Note that this step is required only If you want to save historical user behavior data through CSV files. If you use our data collection endpoints to collect data from now on, this is not required.
You can find the Endpoints for user mapping under "Historical User Data Collection" section in the Sandbox
To implement this, please follow similar steps as above.
However, in this case please note that there are four sets of endpoints for Browsing history, purchase history, rating history, user detail. You have to create mapper for each if you want to import the data.
Index creation
Index are the data organizing mechanism which are similar to the database of relational database system.
In this step, you need to create indices. We need multiple indices to run recommender solution successfully. These indices will create the necessary schemas to hold your data.

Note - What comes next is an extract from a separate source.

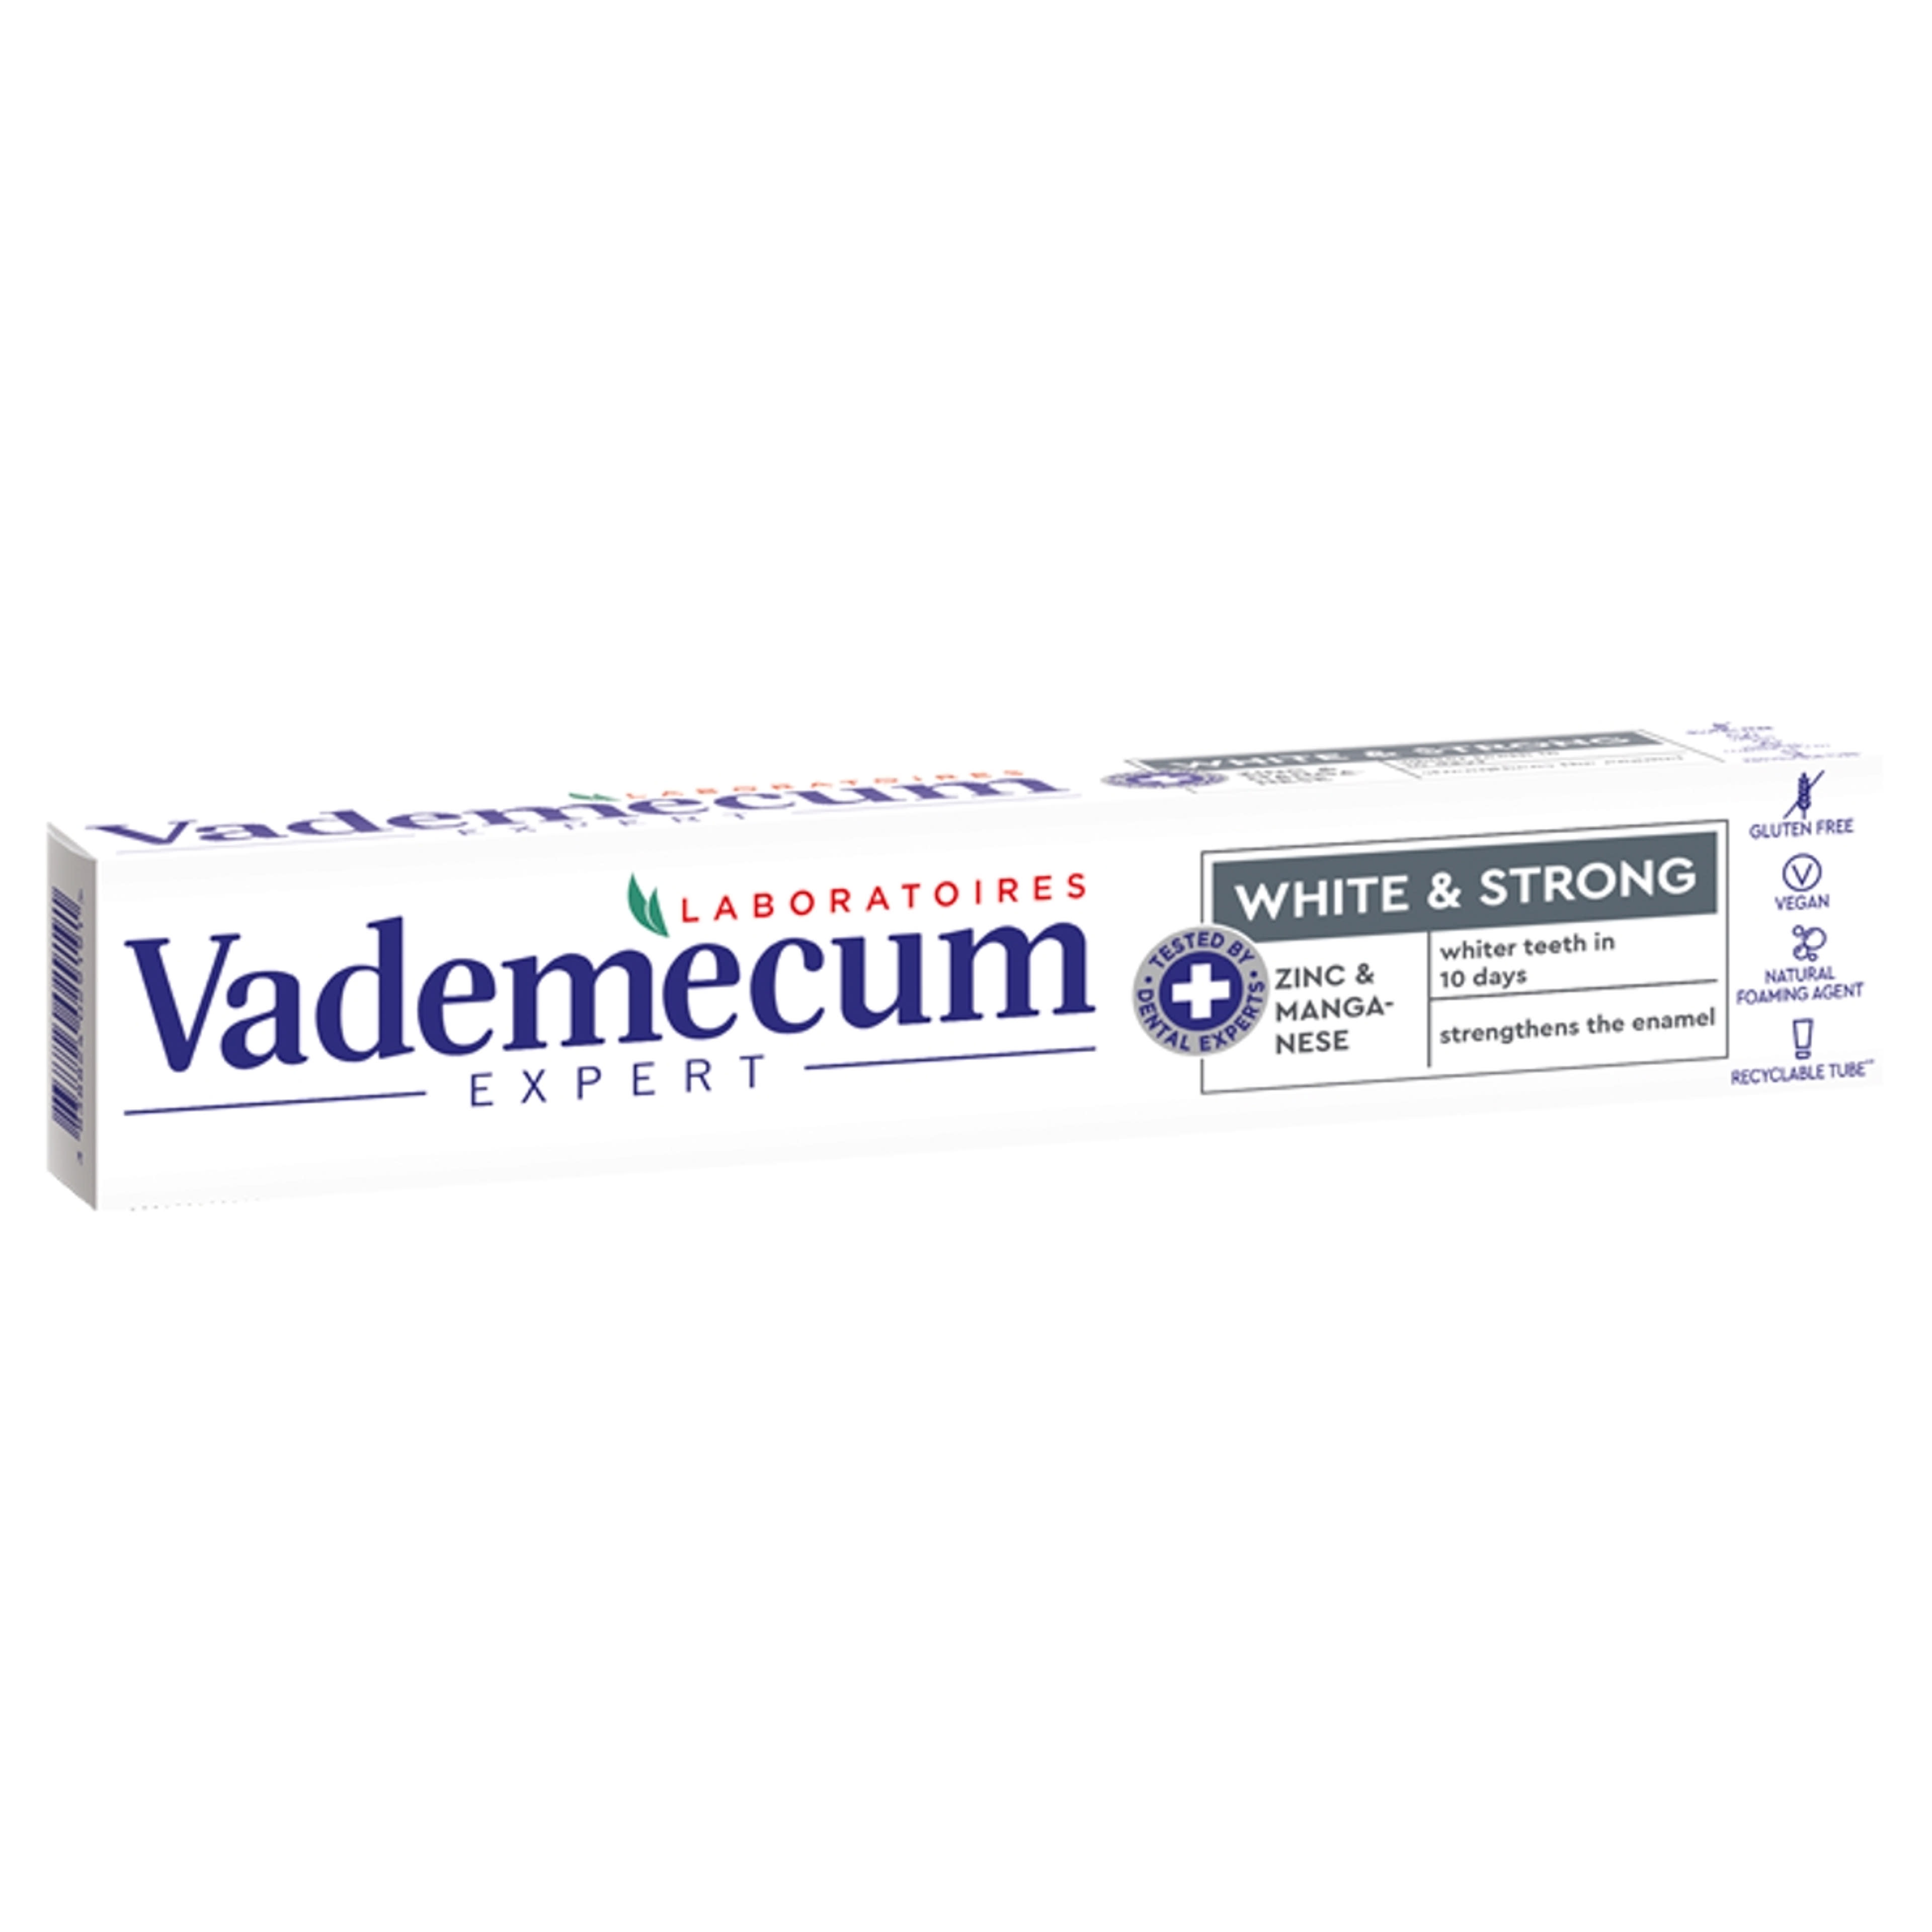 Vademecum Expert White & Strong fogkrém - 75 ml-1

There are 3 endpoints here
-
POST /v1/index/create
--> Create indices to hold your data -
DELETE /v1/index/delete
--> Delete indices -
POST /v1/reindex
--> Creates index with new mappings and settings and create alias for new index
Create Index
Use the endpoint POST /v1/index/create
to create indices for your project.
Simply use your project key and API and click execute
to create the indices for your project. Note that this will throw an error if the mapping in the previous step is not done correctly. This endpoint will create indices that are required for your project.
After the successful execution, all the necessary index/indices will be created. You might see a message in the response saying that the item_index is being created in the background and will give you a background task_id. You can check the status of item index creation with the task_id using the
GET /v1/tasks/{task_id}
endpoint.
Please confirm the task was success.
Delete Index
You can delete existing index or indices with this endpoint.
Request endpoint DELETE /v1/index/delete
.
Available values items
, image_features
, browse
, purchase
, ratings
, search
, stats
, settings
, user
, tasks
, logs
, gpt_dataset
, gpt_dataset_meta
, questionnaire
, questionnaire_mapper
, questionnaire_request
".
For example, if you only want to delete the items
index, your request body should look like this
{
"index_type": "items"
}
If you Delete any index, please ensure to re-create the index again.
Reindex
Reindexing refers to the process of copying documents from one index to another. This process can include filtering source documents based on a specific query or retrieving documents from a remote cluster. Reindexing allows you to modify the settings and mappings of the destination index.
In Elasticsearch, reindexing is the process of copying data from one index to another, either within the same cluster or to a different cluster. This is useful in various scenarios, such as:
- Updating index mappings: Create a new index with updated mappings and reindex data from the old index to the new one.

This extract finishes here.